Sources Of The Self written by Charles Taylor and has been published by Harvard University Press this book supported file pdf, txt, epub, kindle and other format this book has been release on 1992-03-01 with Philosophy categories.


In this extensive inquiry into the sources of modern selfhood, Charles Taylor demonstrates just how rich and precious those resources are. The modern turn to subjectivity, with its attendant rejection of an objective order of reason, has led—it seems to many—to mere subjectivism at the mildest and to sheer nihilism at the worst. Many critics believe that the modern order has no moral backbone and has proved corrosive to all that might foster human good. Taylor rejects this view. He argues that, properly understood, our modern notion of the self provides a framework that more than compensates for the abandonment of substantive notions of rationality. The major insight of Sources of the Self is that modern subjectivity, in all its epistemological, aesthetic, and political ramifications, has its roots in ideas of human good. After first arguing that contemporary philosophers have ignored how self and good connect, the author defines the modern identity by describing its genesis. His effort to uncover and map our moral sources leads to novel interpretations of most of the figures and movements in the modern tradition.
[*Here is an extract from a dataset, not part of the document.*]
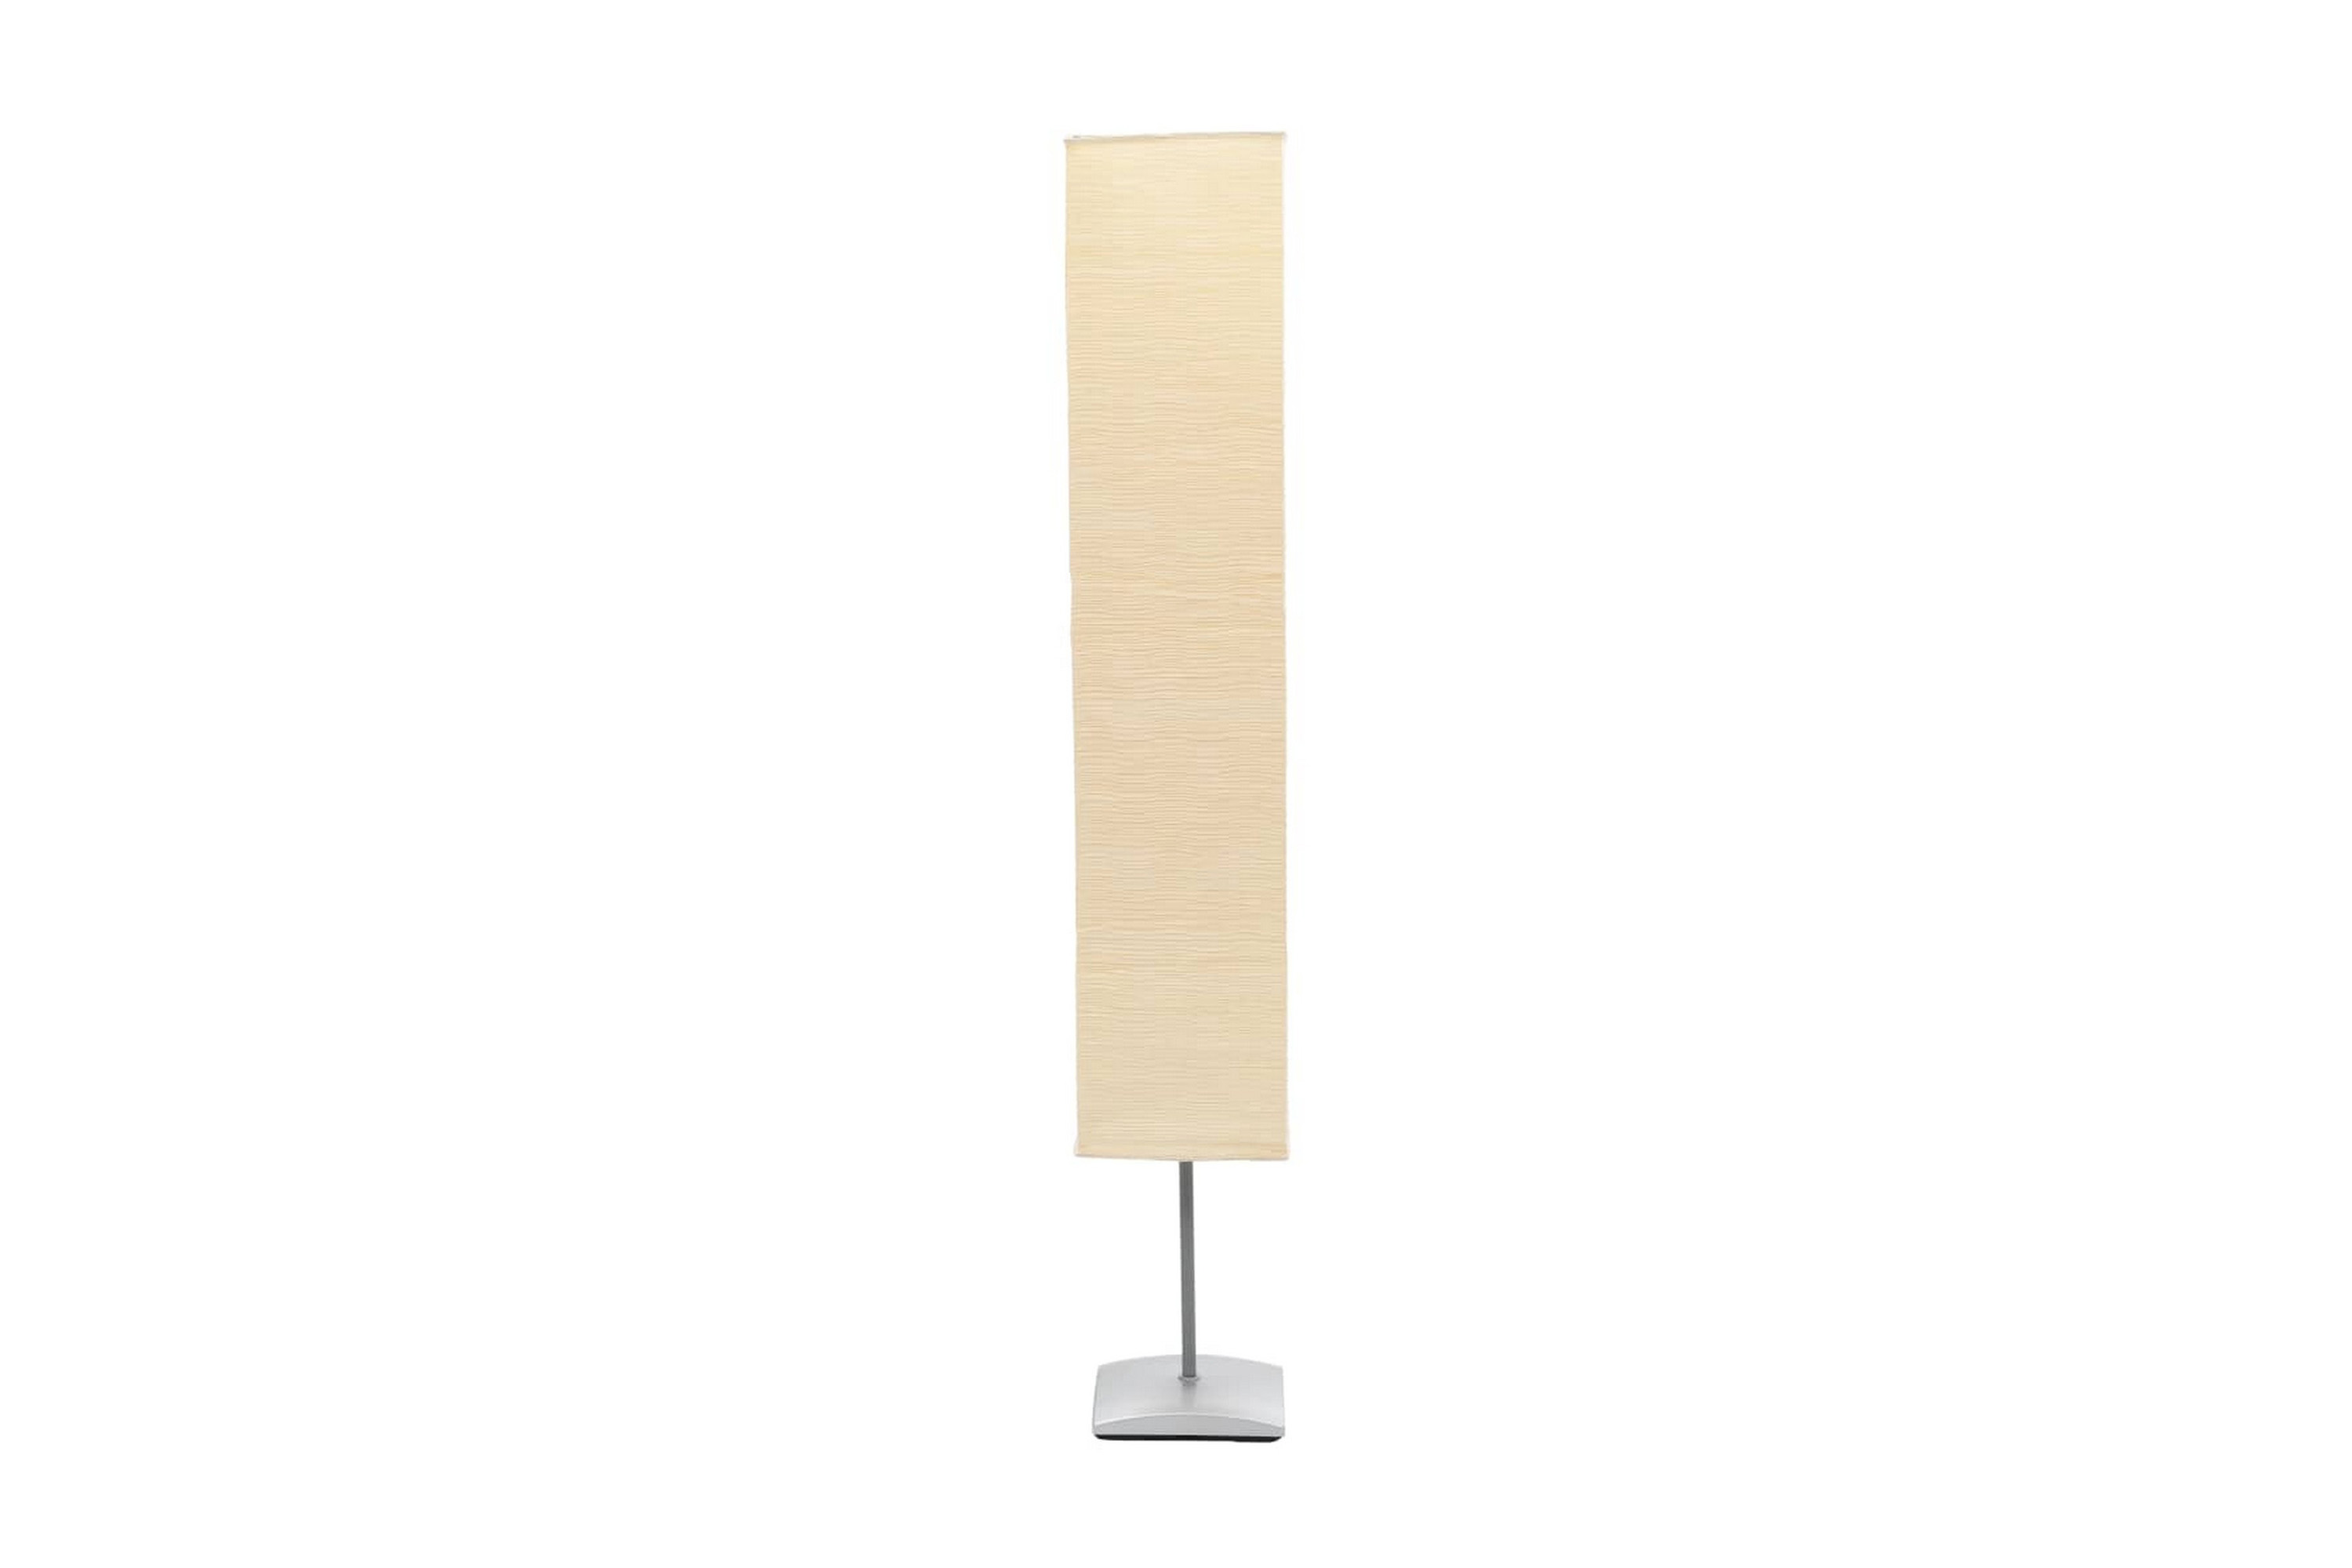 Golvlampa med skärm av rispapper och aluminiumfot 130 cm – Vit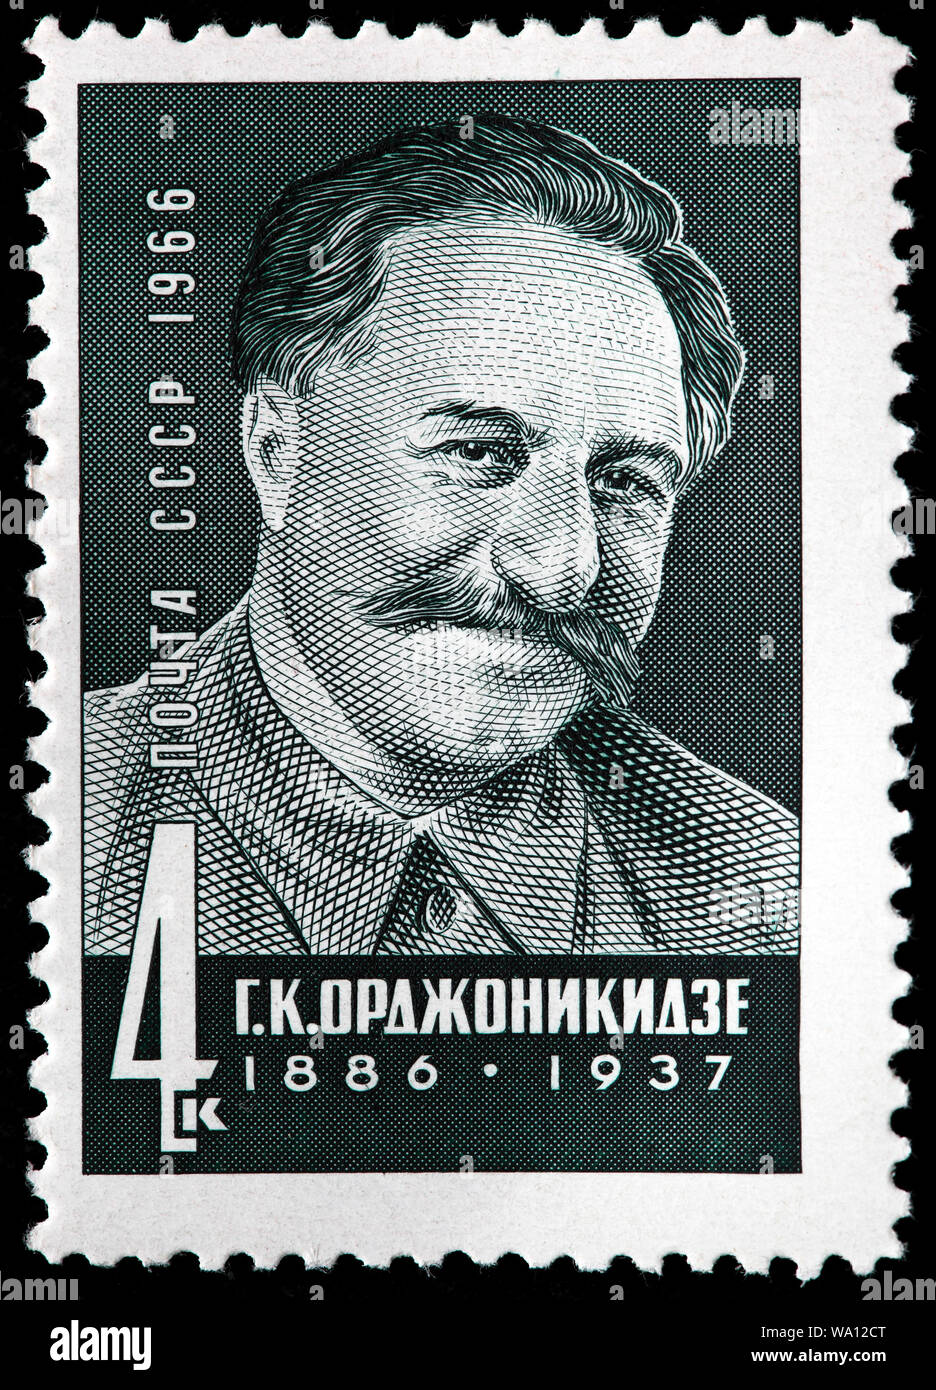 Grigoriy Ordzhonikidze, Sergo Ordzhonikidze (1886-1937), Bolchevik géorgien, leader politique soviétique, timbre-poste, Russie, URSS, 1966 Banque D'Images

Taylor shows that the modern turn inward is not disastrous but is in fact the result of our long efforts to define and reach the good. At the heart of this definition he finds what he calls the affirmation of ordinary life, a value which has decisively if not completely replaced an older conception of reason as connected to a hierarchy based on birth and wealth. In telling the story of a revolution whose proponents have been Augustine, Montaigne, Luther, and a host of others, Taylor’s goal is in part to make sure we do not lose sight of their goal and endanger all that has been achieved. Sources of the Self provides a decisive defense of the modern order and a sharp rebuff to its critics.